Os números que importam

Comecemos pelo Vietnã. O país mantém reservas combinadas — comerciais e nacionais — de petróleo equivalentes a cerca de 20 dias de consumo, segundo o Institute for Energy Economics and Financial Analysis. Em 10 de março, o governo anunciou planos para adquirir aproximadamente 4 milhões de barris de petróleo de fornecedores fora do Oriente Médio. Sam Reynolds, pesquisador do IEEFA, disse à Al Jazeera que esses 4 milhões de barris representam apenas seis dias de consumo doméstico. O plano de aquisição não fecha a lacuna — apenas estende o fôlego.

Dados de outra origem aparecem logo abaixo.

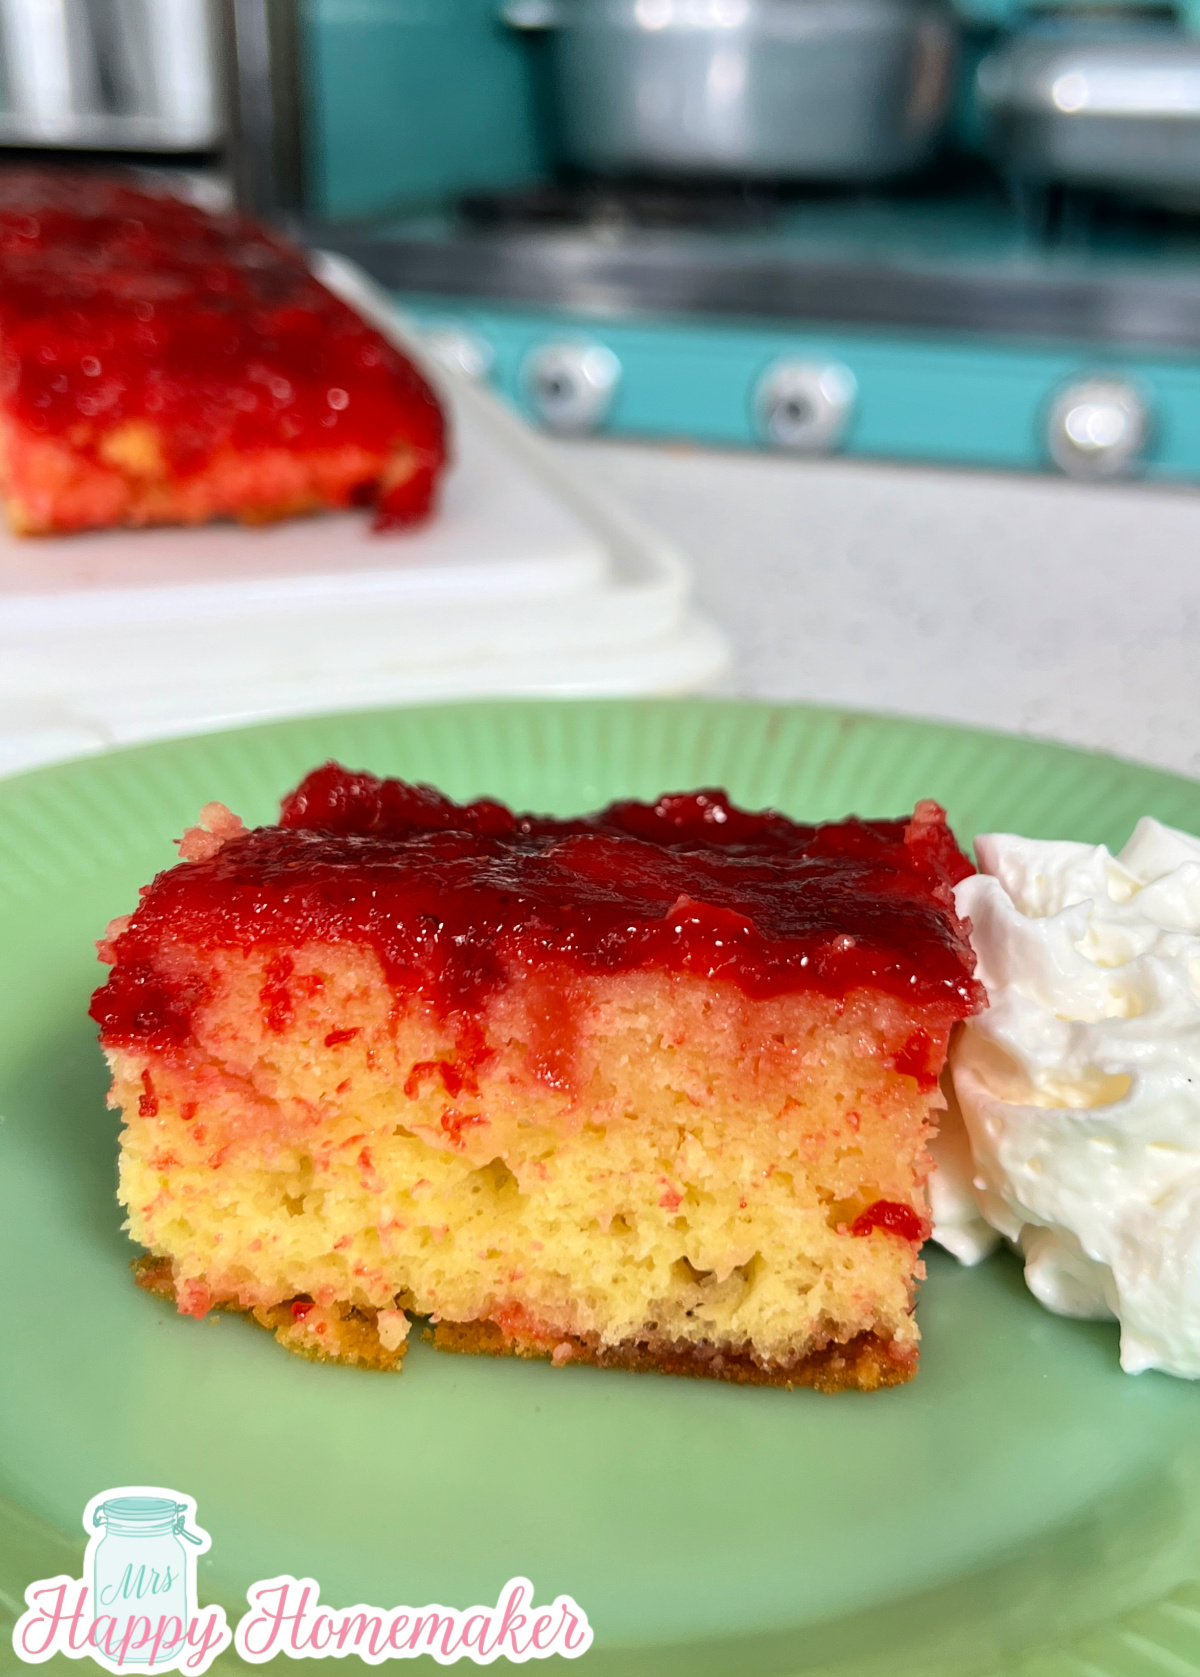 A slice of strawberry upside down cake on a green plate with a blue stove in the background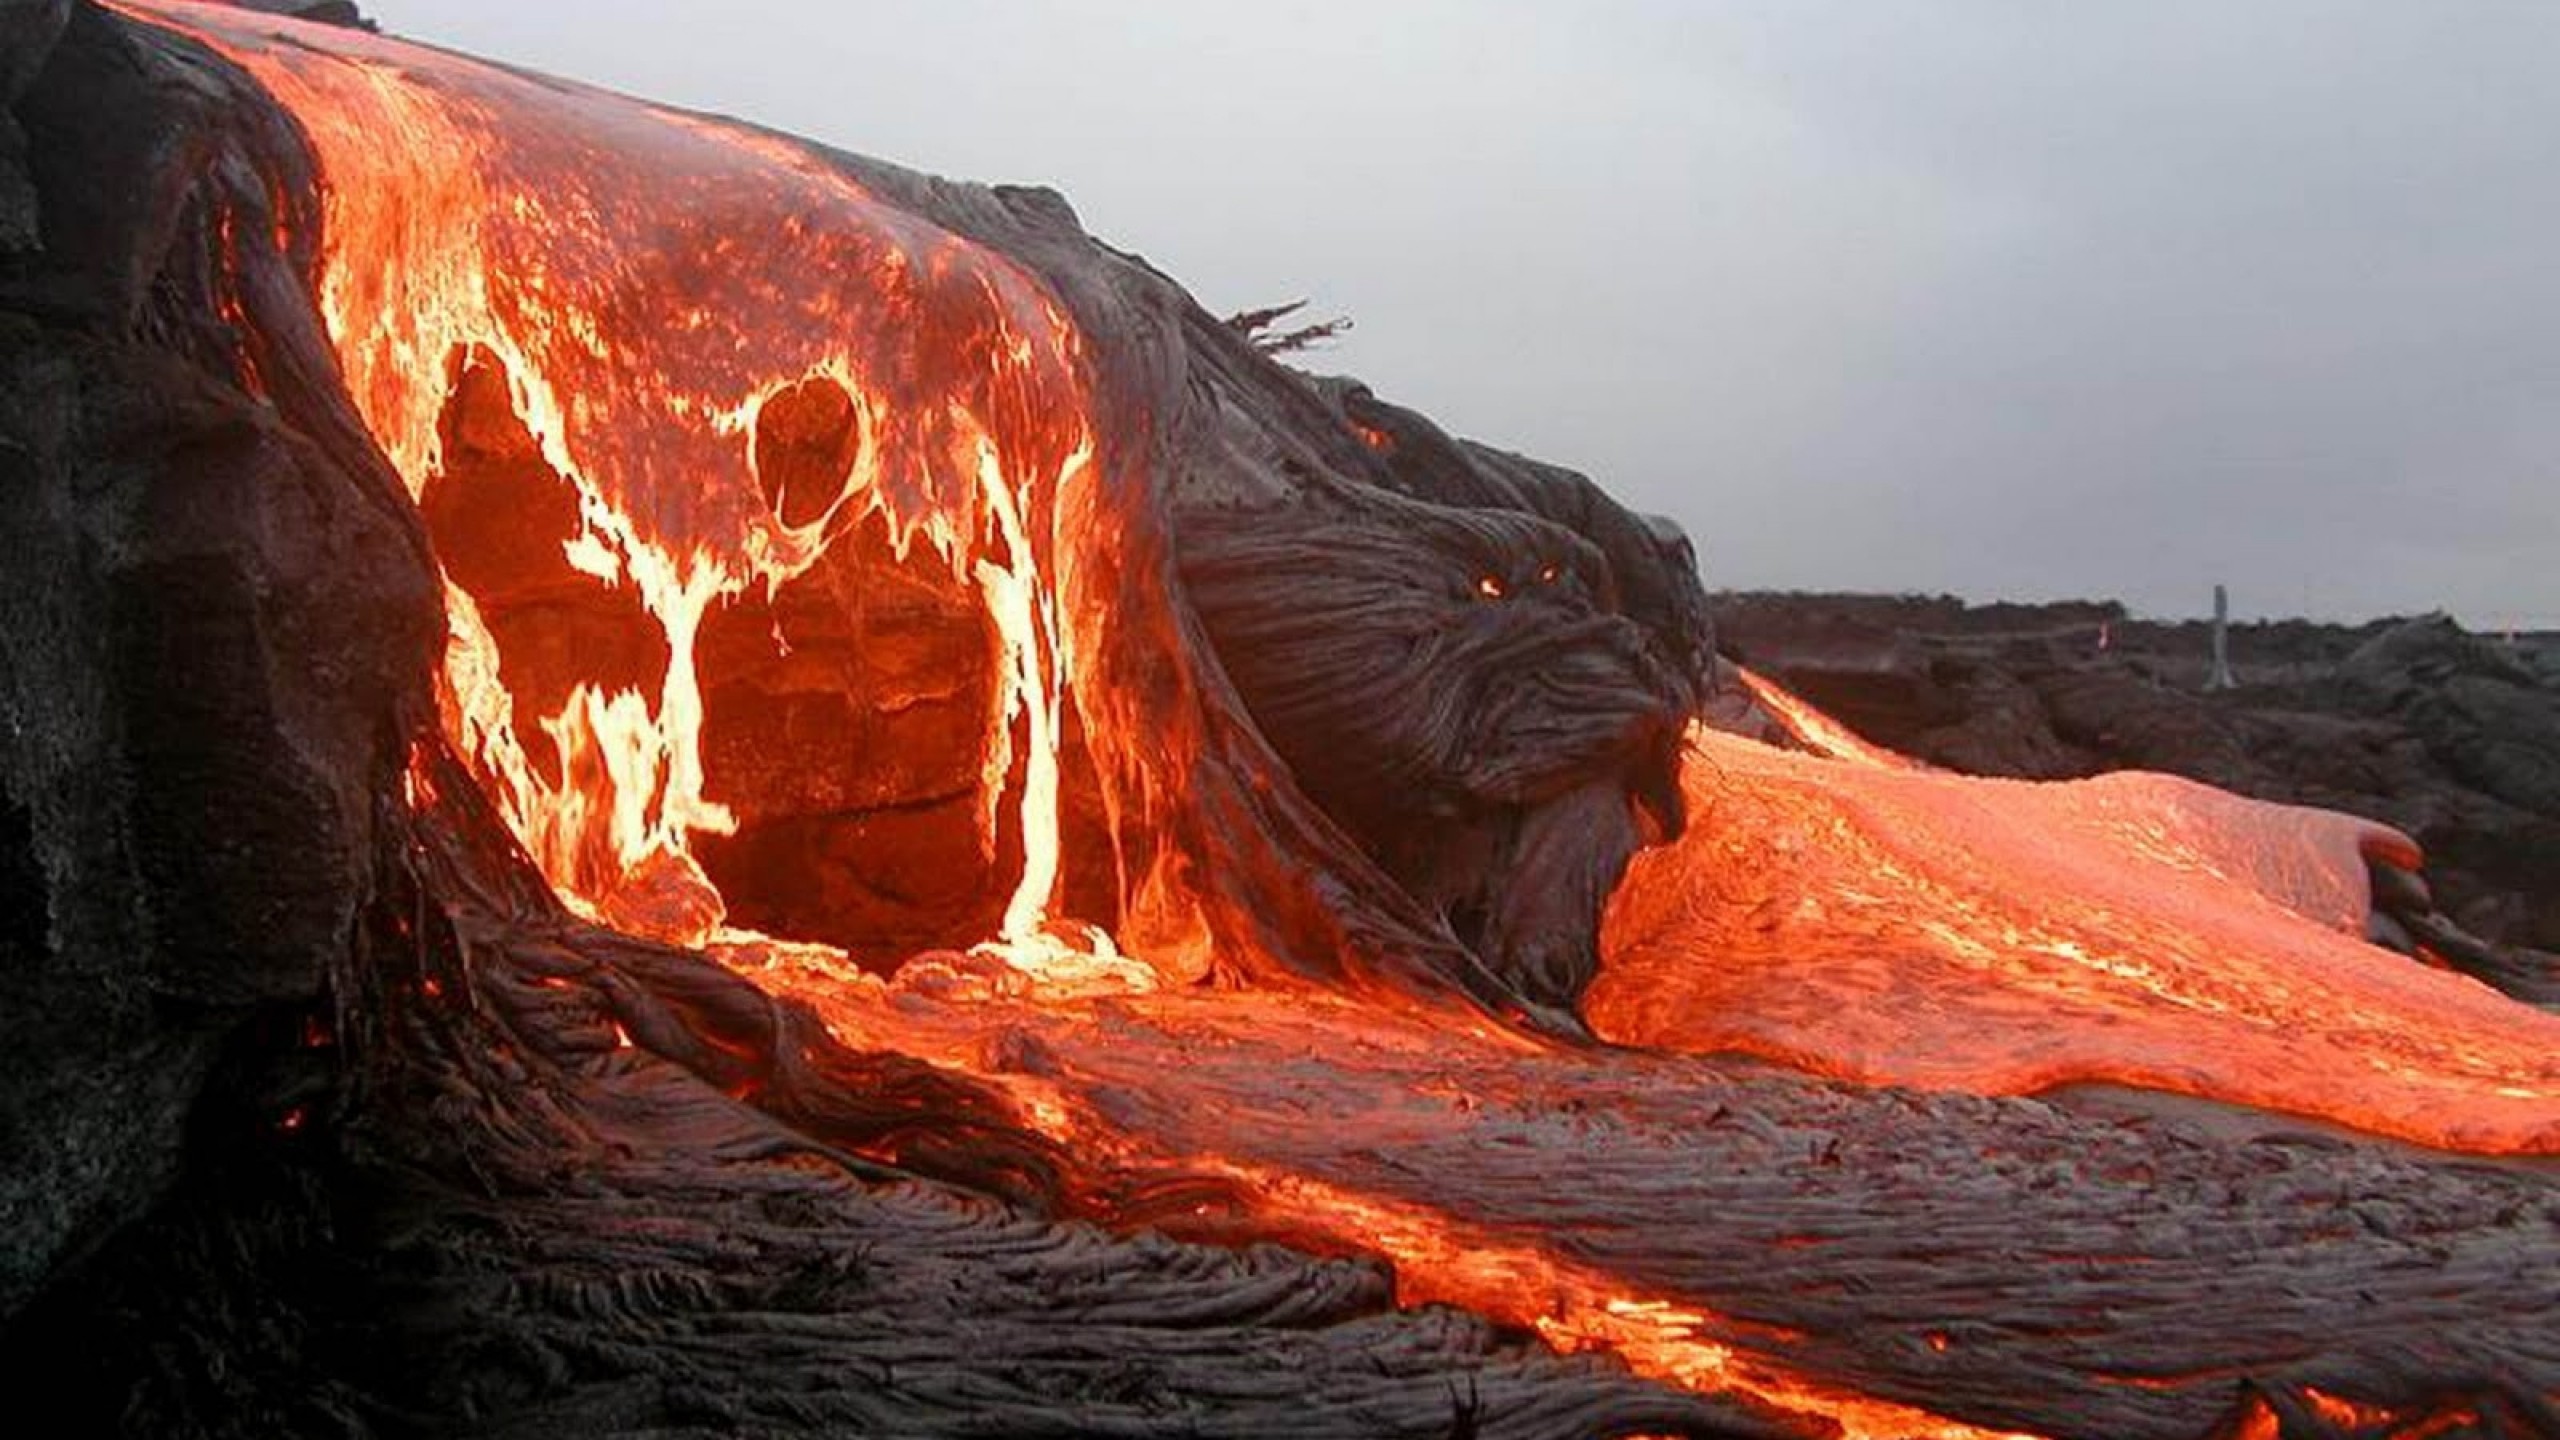 https://www.reddit.com/r/lavaporn/comments/29zo27/flowing_lava_in_hawaii_unknown_photographer/

As Filipinas estão em posição estruturalmente pior. O país importa 96% de seu petróleo do Golfo Pérsico, segundo The Diplomat, e 98% de suas importações de petróleo bruto vêm diretamente do Oriente Médio, de acordo com a Philippine Information Agency. A secretária de Energia, Sharon Garin, abordou nesta semana um equívoco comum: o de que as Filipinas estariam protegidas por comprarem produtos refinados de vizinhos asiáticos em vez de petróleo bruto diretamente do Golfo. “Países refinadores na Ásia, como China, Coreia do Sul, Cingapura e Japão, obtêm seu petróleo bruto do Oriente Médio”, disse Garin. “Se eles não conseguem petróleo porque o estreito está fechado, não podem refinar — e não podem nos vender os produtos acabados.” O efeito dominó não corre apenas rio abaixo. Ele sobe a cadeia inteira.

Governos comprando tempo

A resposta política na região parece coordenada apenas pela urgência. Em 10 de março, a Tailândia ordenou que servidores públicos usassem escadas em vez de elevadores, mantivessem o ar-condicionado a 27°C e trabalhassem de casa durante a crise, segundo a Fortune. O primeiro-ministro tailandês Anutin Charnvirakul também anunciou um teto temporário de preço para o diesel. A Tailândia possui cerca de 95 dias de reservas energéticas, segundo a Reuters, o que a deixa relativamente mais protegida que seus vizinhos. Ainda assim, a Rayong Olefins, subsidiária do Siam Cement Group, suspendeu as operações de sua planta nesta semana por não conseguir obter nafta e propano, conforme reportou a Al Jazeera.

O Vietnã, operando com margens muito mais apertadas, zerou as tarifas de importação de diversas categorias de combustível por meio do Decreto nº 72/2026/ND-CP, vigente de 9 de março a 30 de abril, segundo o Vietnam Briefing. O governo também começou a utilizar seu Fundo de Estabilização de Preços de Combustíveis, que contava com aproximadamente VND 5,6 trilhões (cerca de US$ 224 milhões) no terceiro trimestre de 2025, com a Petrolimex detendo o maior saldo. Além disso, as autoridades instruíram empresas em 10 de março a permitir trabalho remoto para reduzir o consumo de combustível no transporte. São intervenções pelo lado da demanda. Não produzem um único barril a mais.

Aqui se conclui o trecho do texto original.